Mais il faut impérativement que je signale quelque chose d'absolument utile, avant de se lancer dans Ganesha. Ce bouquin est extrêmement, extrêmement exigeant. Ne vous laissez pas amadouer par ses quelques trois cents pages. Si la lecture est évidemment agréable et rapide, Ganesha est extrêmement éprouvant et complexe à suivre. Vous me direz, rien que le personnage de départ semble infiniment complexe, et vous n'auriez pas tort. Mais même dans le choix des enquêtes et la manière de les résoudre,
Mauméjean n'hésite pas à élever le récit haut, très haut, avec des complexités langagières, une intelligence du propos et une poésie juste somptueuse. Disons-le:
Xavier Mauméjean écrit merveilleusement bien. Son livre est un délice pour tout lecteur aventureux et amoureux de belles lettres. Mais voilà, je préfère prévenir car le choc peut être terriblement rude. On peut commencer le livre et croire que le prologue, merveille de poésie mais aussi de complexité, place la barre haut pour déstabiliser le lecteur. Mais c'est faux: tout le livre est du même niveau, et la seule chose qui change est l'accommodation du lecteur à cette exigence d'intelligence demandée par
Mauméjean pour accéder aux délices de son histoire.
Alors bien sûr, vous me connaissez, je me laisse emporter sans vraiment souligner les défauts de ce petit livre, car je n'en ai pas vraiment envie. Cela faisait plus d'un mois, à cause d'un emploi du temps maudit, que je n'avais pu lire un roman, et la joie de me plonger dans celui-ci m'a sûrement rendu ses défauts assez doux à l'oeil. Si je devais en citer quelques uns, je commencerais par la même complexité que je vantais quelques lignes plus tôt. Evidemment que ça joue également en défaveur du livre, puisqu'au cours des trois cent pages de lecture, il arrive forcément un moment où l'attention est un peu plus disparate et où l'on se perd dans les méandres de l'esprit de Ganesha. Surtout si cette baisse d'attention arrive au cours de la deuxième nouvelle, "Printemps", qui est inexplicablement et bizarrement complexe,
Mauméjean n'hésitant pas une seconde à étouffer son histoire sous des strates et des strates d'information à l'intérêt douteux. Ajoutons objectivement le fait que cette enquête est moins intéressante que les trois autres, en on obtient très vite soixante-dix pages un peu rudes. Mais rien de décisif non plus.

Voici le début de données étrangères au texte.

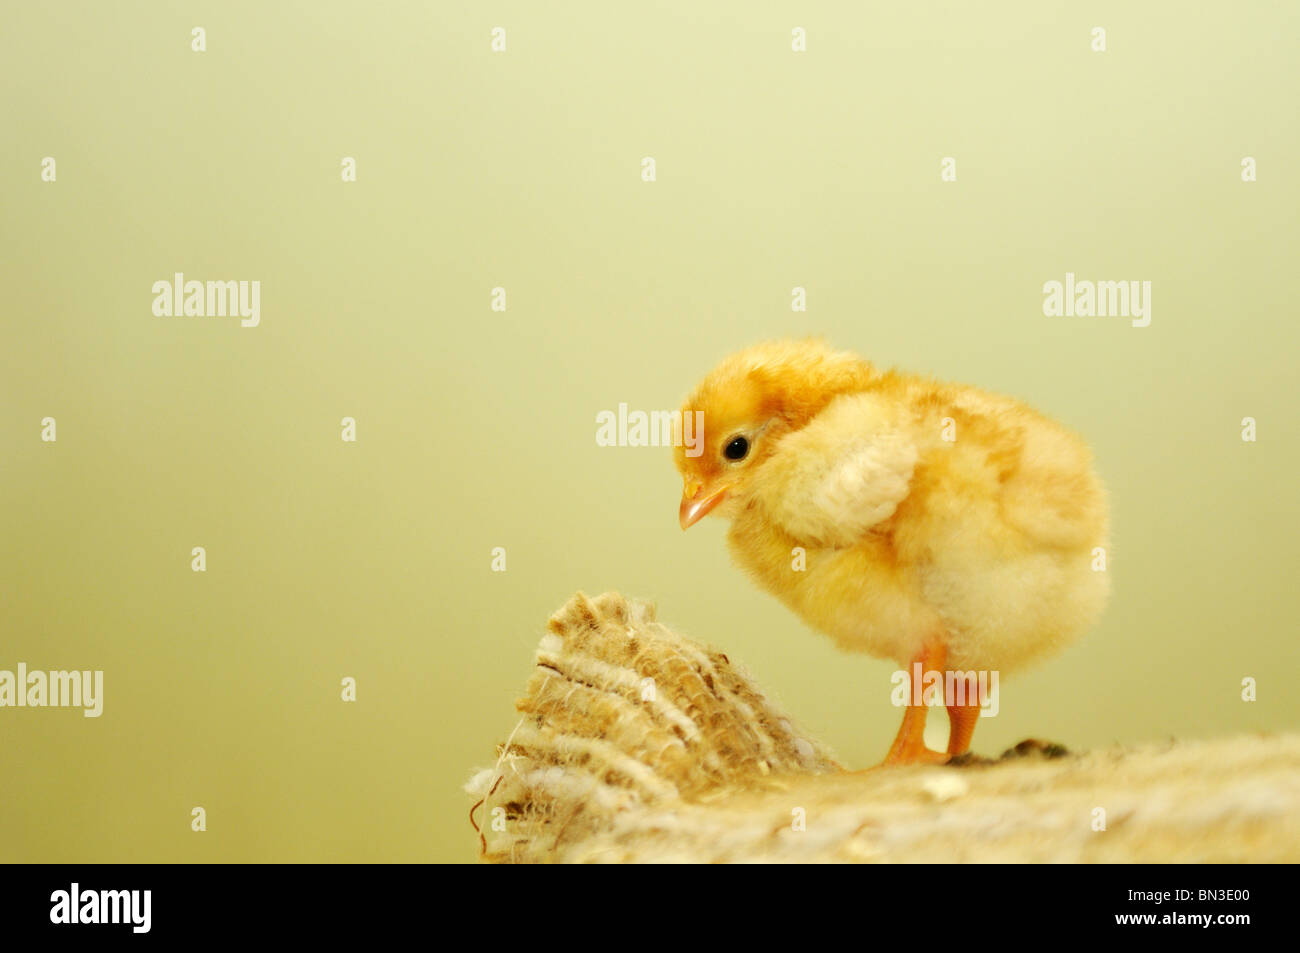 Chick contre fond jaune, close-up Banque D'Images

En résumé, avec Ganesha, vous vous préparez à vous plonger dans un univers extrêmement singulier et particulièrement rude à appréhender. Une fois l'effort d'adaptation effectué,
Xavier Mauméjean vous le rendra bien avec un récit merveilleusement bien écrit, exigeant mais flattant l'intelligence. Une histoire policière, une poésie en prose, un roman teinté de fantastique, un récit historique... Ganesha, c'est tout ça en même temps, et chez Ganesha, le Tout est toujours supérieur à la somme des parties, alors je vous le conseille fortement, lisez ce petit roman.